Mike Heimerdinger

Personal information
- Born: October 13, 1952 DeKalb, Illinois, U.S.
- Died: September 30, 2011 (aged 58) Mexico

Career information
- College: Eastern Illinois

Career history
- Grant HS (IL) (1975–1977) Assistant coach; Johnsburg HS (IL) (1978–1979) Head coach; Florida (1980) Graduate assistant; Air Force (1981) Wide receivers coach; North Texas State (1982) Quarterbacks coach; Florida (1983–1987) Wide receivers coach; Cal State Fullerton (1988) Offensive coordinator; Rice (1989–1993) Offensive coordinator; Duke (1994) Offensive coordinator; Denver Broncos (1995–1999) Wide receivers coach; Tennessee Titans (2000–2004) Offensive coordinator; New York Jets (2005) Offensive coordinator; Denver Broncos (2006) Assistant head coach; Denver Broncos (2007) Assistant head coach / quarterbacks coach; Tennessee Titans (2008–2010) Offensive coordinator;

Awards and highlights
- 2× Super Bowl champion (XXXII, XXXIII); George Halas Award (2011);
- Coaching profile at Pro Football Reference

= Mike Heimerdinger =

American football player and coach (1952–2011)

Michael Heimerdinger (October 13, 1952 – September 30, 2011) was an American football coach who held various coordinator and position coach roles during 18 seasons in the National Football League (NFL). He began his career by coaching high school football in Illinois, and then held positions with six different college football teams. Heimerdinger died at the age of 58 in 2011, after suffering from cancer.

==Career==
Heimerdinger was most recently the offensive coordinator for the Tennessee Titans, a position he had served in from 2000 to 2004 and again from 2008 to 2010. Prior to serving in this position, Heimerdinger was an assistant head coach for the Denver Broncos succeeding Gary Kubiak who took the head coaching position with the Houston Texans.

He played wide receiver at Eastern Illinois University from 1970 to 1974 and was roommates with Mike Shanahan. He was then the wide receivers coach at the University of Florida, when they won two consecutive SEC titles in 1984 and 1985, and after that, was receivers coach for Shanahan with the Denver Broncos, from 1995 until 1999. He was also offensive coordinator for the New York Jets for the 2005 season. Prior to that, he held positions in college football as Duke University's offensive coordinator, Rice University's offensive coordinator, Cal State Fullerton's offensive coordinator, the University of Florida wide receivers' coach, North Texas State's quarterbacks coach, and the U.S. Air Force Academy' wide receivers' coach.

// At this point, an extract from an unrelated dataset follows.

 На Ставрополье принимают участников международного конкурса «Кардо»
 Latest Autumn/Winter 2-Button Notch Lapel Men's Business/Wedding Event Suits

With the Titans, Heimerdinger coached players such as Steve McNair, Eddie George, Derrick Mason, and Hall of Fame lineman Bruce Matthews. He helped Head Coach Jeff Fisher lead the Titans to the playoffs in 2000, 2002, and 2003.

He was hired by the Jets in 2005, as offensive coordinator, in what would be a disastrous season for the franchise. After the Jets' Head Coach Herman Edwards was released from his contract, Heimerdinger was interviewed and passed over for the head coaching position. Although it was obvious he would have preferred to void his contract with the Jets, he was initially informed by new coach Eric Mangini that he would be retained as offensive coordinator as per his original contract. He was later released from his contract by the Jets as part of an undisclosed agreement. He then took a position as the Denver Broncos' assistant head coach under Mike Shanahan, where he worked with quarterback Jay Cutler, transforming him into the Broncos' starting quarterback.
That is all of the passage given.